# 5 HP Tecumseh Wont Start



## montyrhody

My 5 HP Tecumseh wont start. I checked for spark and there is spark. I rebuilt the carb and still nothing. Before I rebuilt the carb I could get it to start by spraying carb cleaner in the carb. It would run pretty bad and die after a minute or so. After I rebuilt the carb I tried starting and nothing. The plug was dry when I took it out to inspect (this is a new plug). I then did a compression check and the compression is 70 psi. Any suggestions on what I should do next. Also fuel is getting to the carb bowl. Thanks for any input.


----------



## 30yearTech

Will it not start with a prime?
The throttle linkage may not be installed correctly, maybe holding the throttle closed instead of open.


----------



## montyrhody

I prime it and it still wont start. This carb doesn't have an adjustable throttle. The throttle connects directly to the govenor. Initially the throttle is wide open. Is 70 psi adequate compression? I will try closing the throttle and starting it.

Thanks


----------



## 30yearTech

It should start with 70 lbs of compression. 

What is the model an spec number off of your engine?

You might want to take a look at the flywheel key and make sure it's alright.


----------



## montyrhody

LEV115-350181E is the model and spec number. I checked the flywheel key and it was fine. Thanks for you help. How can I check the ignition coil? I have spark but I don't know if it is weak. I don't think this is the problem since the spark plug is dry. Let me know if I am on the right track.


----------



## 30yearTech

Did you remove the nozzle and inspect and or replace the nozzle o-ring seals?

Have you tired priming via the spark plug hole to see if it would pop off?

Still sounds like it may be a carburetor problem, although it should still start with a prime.


----------



## pyro_maniac69

is there fuel getting into the throat of the carb when you prime it? if not, I would say the bowl nut is still clogged. cause I agree on it being a carb problem, because if the plug is not getting wet, than the engine isn't able to suck any fuel.

do you possibly have a gasket leaking? making it so that it is able to suck more air than gas?


----------



## montyrhody

I haven't removed the nozzle or nozzle o-ring seals. Does this take special tools? I haven't tried priming via the spark plug hole to see if it would pop off but I will tonight.

When I prime fuel is not getting to the throat. I will take the carb apart again and soak it all night in carb cleaner. I could be a gasket, I will replace it. I will let you all know tomorrow what happens. 

Thanks for all your help.


----------



## 30yearTech

If the seals around the nozzle are bad, then the only thing you will get when you press the primer is some air flow around the nozzle and fuel will not be pushed up it. It will also not draw enough fuel to keep the engine running in most cases even if you started it with an external prime.

They make a special tool to remove the nozzle but you can usually get it out by pushing in down and out from the throat of the carburetor with a flat blade screw driver.

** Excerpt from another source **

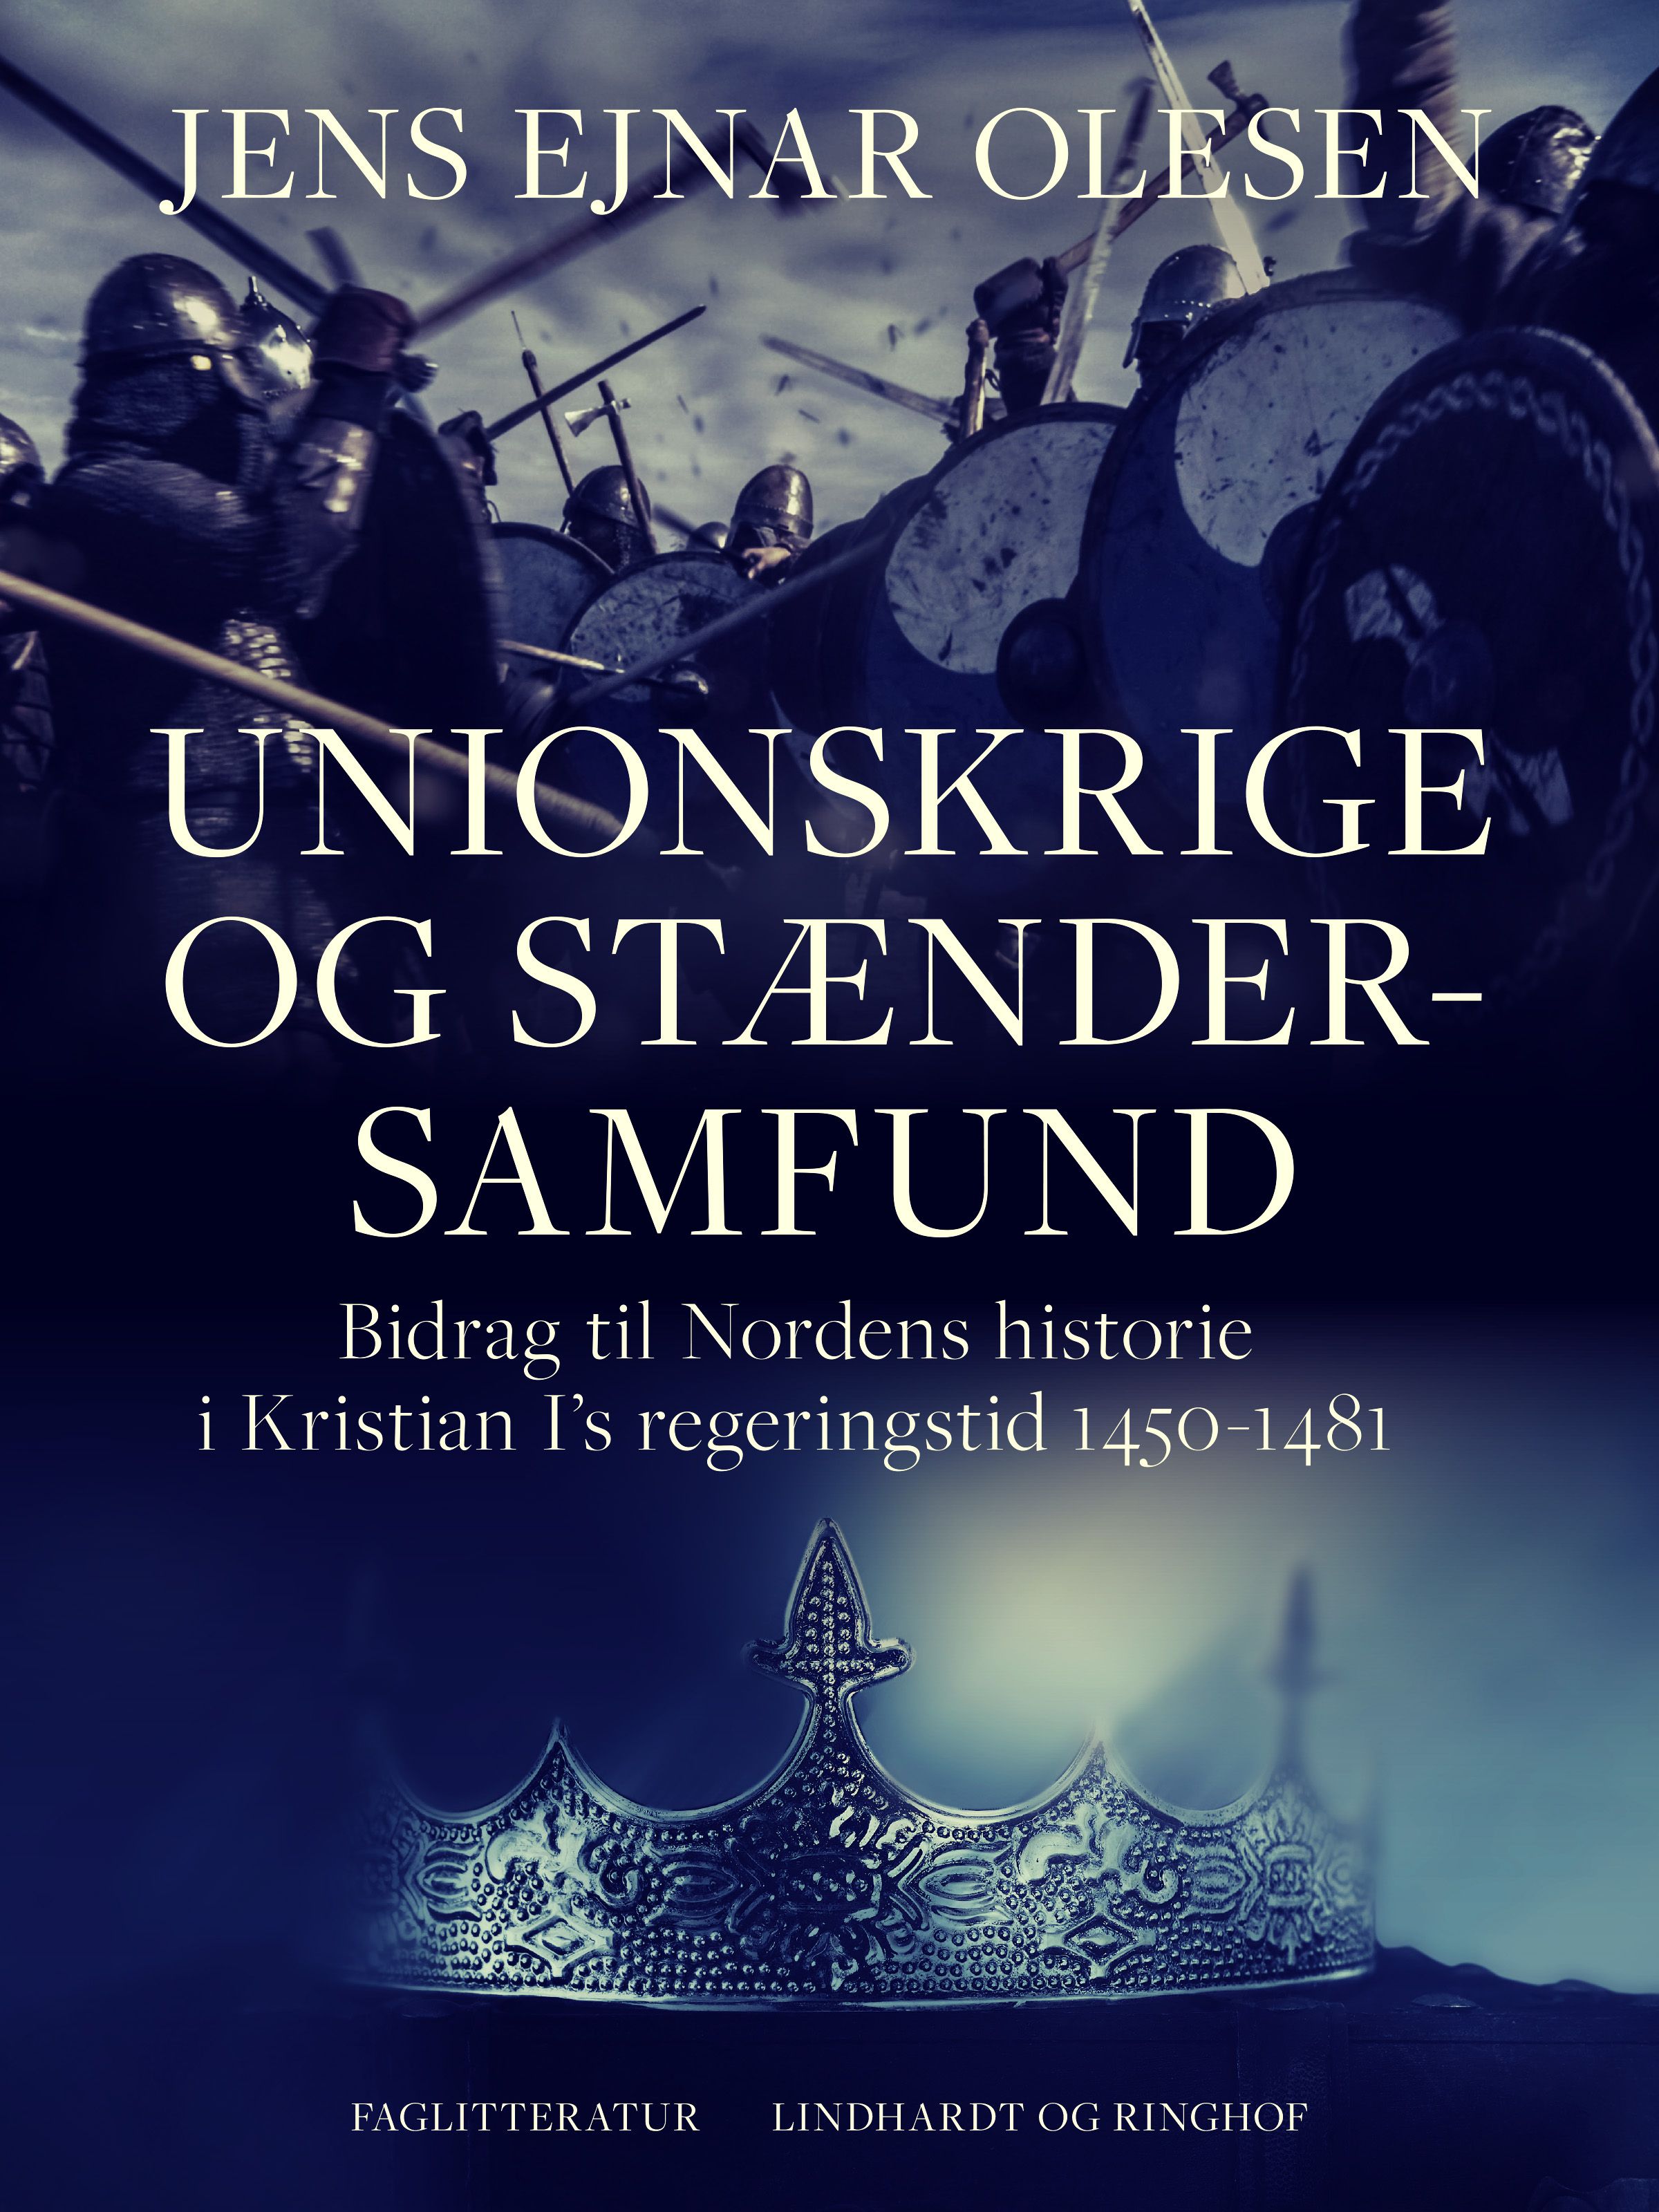 Unionskrige og stændersamfund. Bidrag til Nordens historie i Kristian I's regeringstid 1450-1481, eBook by Jens Ejnar Olesen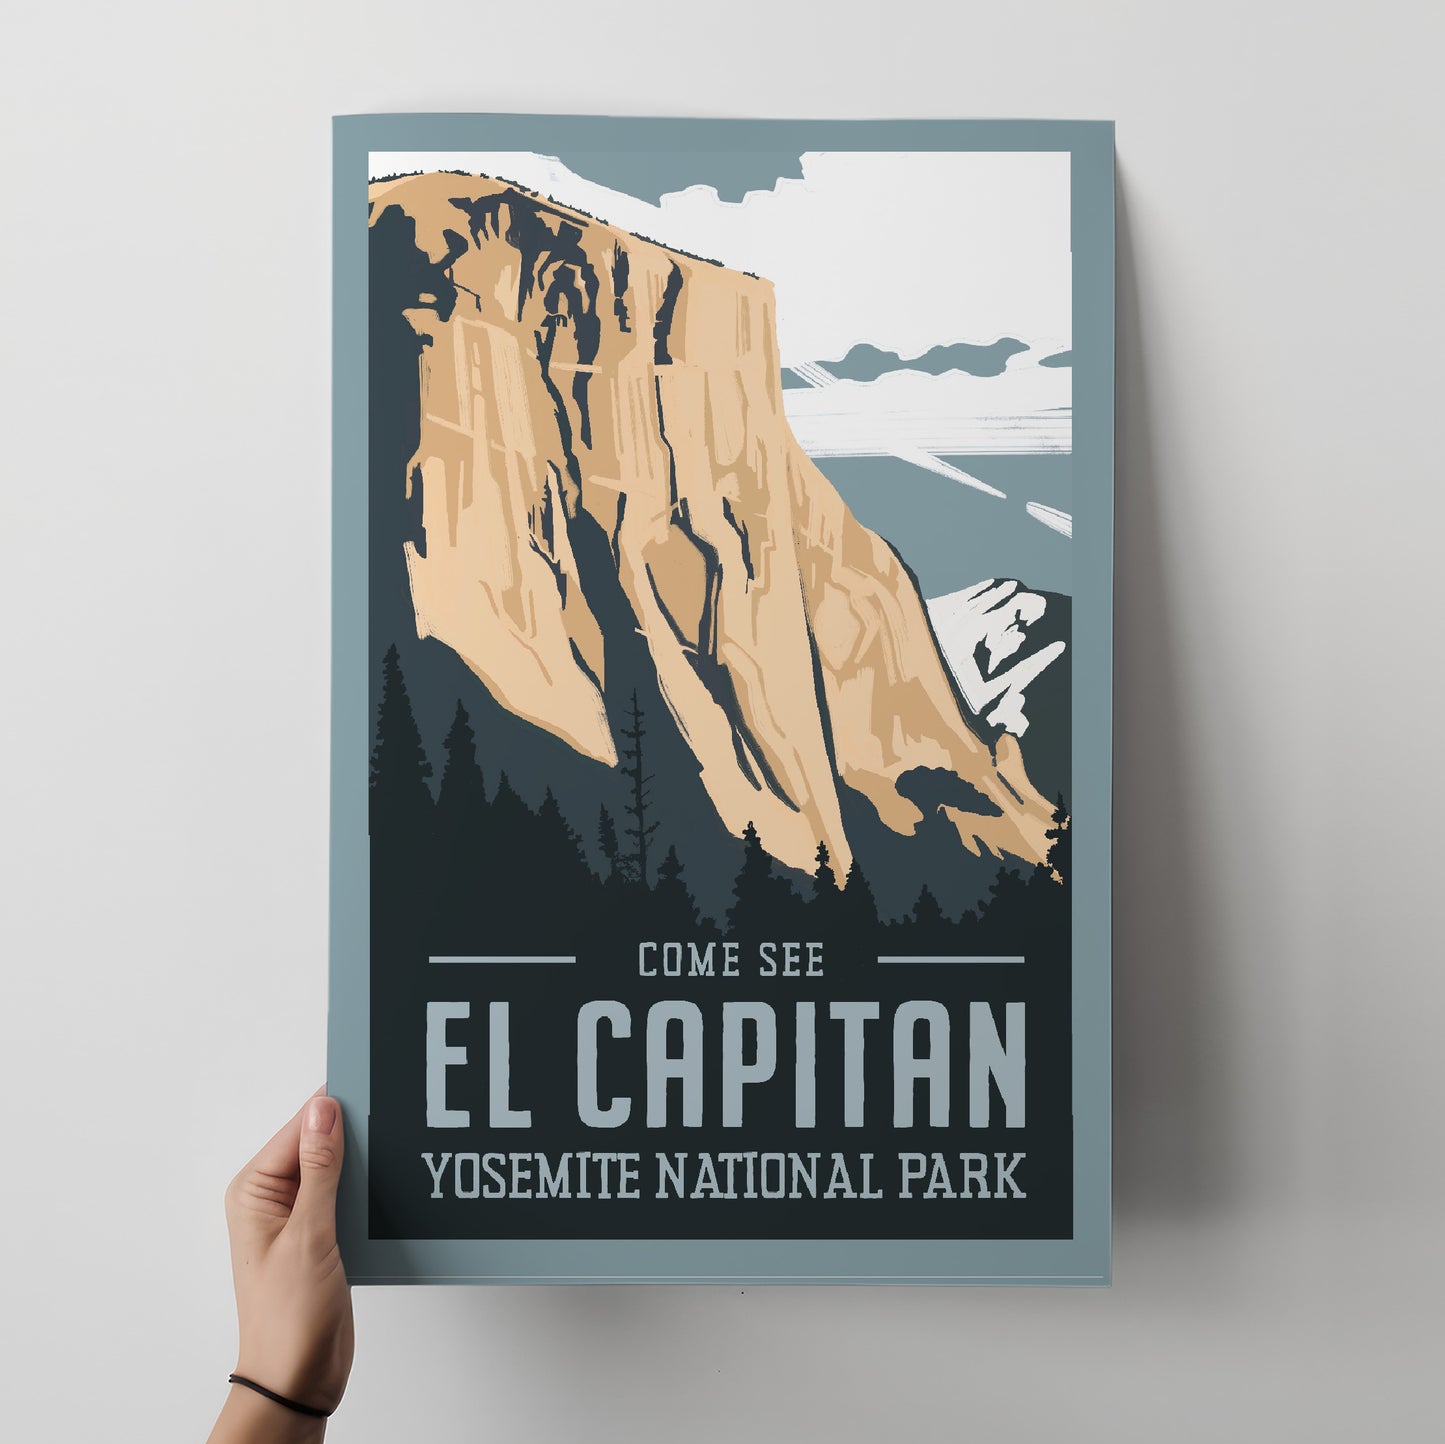 El Capitan Travel Poster

Be careful not to damage the nozzle it's made of plastic, they are replaceable if you damage it and they are not very expensive.

Best of Luck... :thumbsup:


----------



## dads fixit

*Linkage*

I have installed the thin metal rod on the wrong side of the butterfly bracket before that has holes on the left and right side. With it install ed correct the butterfly or bracket should close against the idle screw. If it doesnt that may be the issue.Probably NOT the problem but just suggesting. 
If you have fire compression and fuel it should try to start.Good Luck


----------



## pyro_maniac69

30yearTech said:


> If the seals around the nozzle are bad, then the only thing you will get when you press the primer is some air flow around the nozzle and fuel will not be pushed up it. It will also not draw enough fuel to keep the engine running in most cases even if you started it with an external prime.
> 
> They make a special tool to remove the nozzle but you can usually get it out by pushing in down and out from the throat of the carburetor with a flat blade screw driver. Be careful not to damage the nozzle it's made of plastic, they are replaceable if you damage it and they are not very expensive.
> 
> Best of Luck... :thumbsup:


don't forget to replace BOTH the o-rings also along with what 30 year said, there is one that can be a bugger inside to pick out


----------



## montyrhody

Last night I took the nozzle out of the carb and replaced one o-ring. I will do it again tonight and try to replace the second one. With the carb off the engine and bowl full of fuel I tried priming and no fuel then I covered the back of the carb and primed at the same time and fuel came up. I am not sure what that means. Then I put the carb on and tried to start and got nothing. Then I removed spark plug and put gas in directly and when I tried starting it fired up and I let in run a couple of minutes and it ran great (I had the air filter installed at this point if it matters). Thanks for all the help.


----------



## pyro_maniac69

just out of curiosity, how does the line look coming from the primer bulb? because if that has any cracks, that will make it so that it isn't pushing as much air as it should, and will also make the carb suck more air than it is supposed to, and lean the motor out


----------



## 30yearTech

pyro_maniac69 said:


> just out of curiosity, how does the line look coming from the primer bulb? because if that has any cracks, that will make it so that it isn't pushing as much air as it should, and will also make the carb suck more air than it is supposed to, and lean the motor out


Pyro, this carburetor has the primer on the side, it's not like the remote type on the shroud your thinking of.


----------



## pyro_maniac69

oh, my bad, I thought we were talking about a snowblower carb


----------



## OLD RED

one thing about these little engines is that the air filter screw has to be snug so they run decent i have found out ,,,, for what its worth


----------



## Rex72

I too have issues with my 5hp Tecumseh engine running on my snow blower. I like to describe what Im experiencing for some help.

The engine will not stay running. Almost like its starving for fuel. My question is regarding the primer button. I dont get gas in the bowl when I hit the primer. I hear air weezing out when I press the prime button. I found a very small hole on the side of the carb bowl. I included a picture showing this. When I press my finger on this hole I then get a tight prime and gas will then flow into the carb area.

Is this hole needed or maybe Im not sure what Im talking about:drunk:

thanks


----------



## justin3

Rex,

That hole looks like some kind of vent which should be normal. Your problem sounds like you have a clog somewhere in your main jet circuit. The brass nut underneath the bowl normally gets clogged first, either that or your o-rings are bad like the issue in this thread.


----------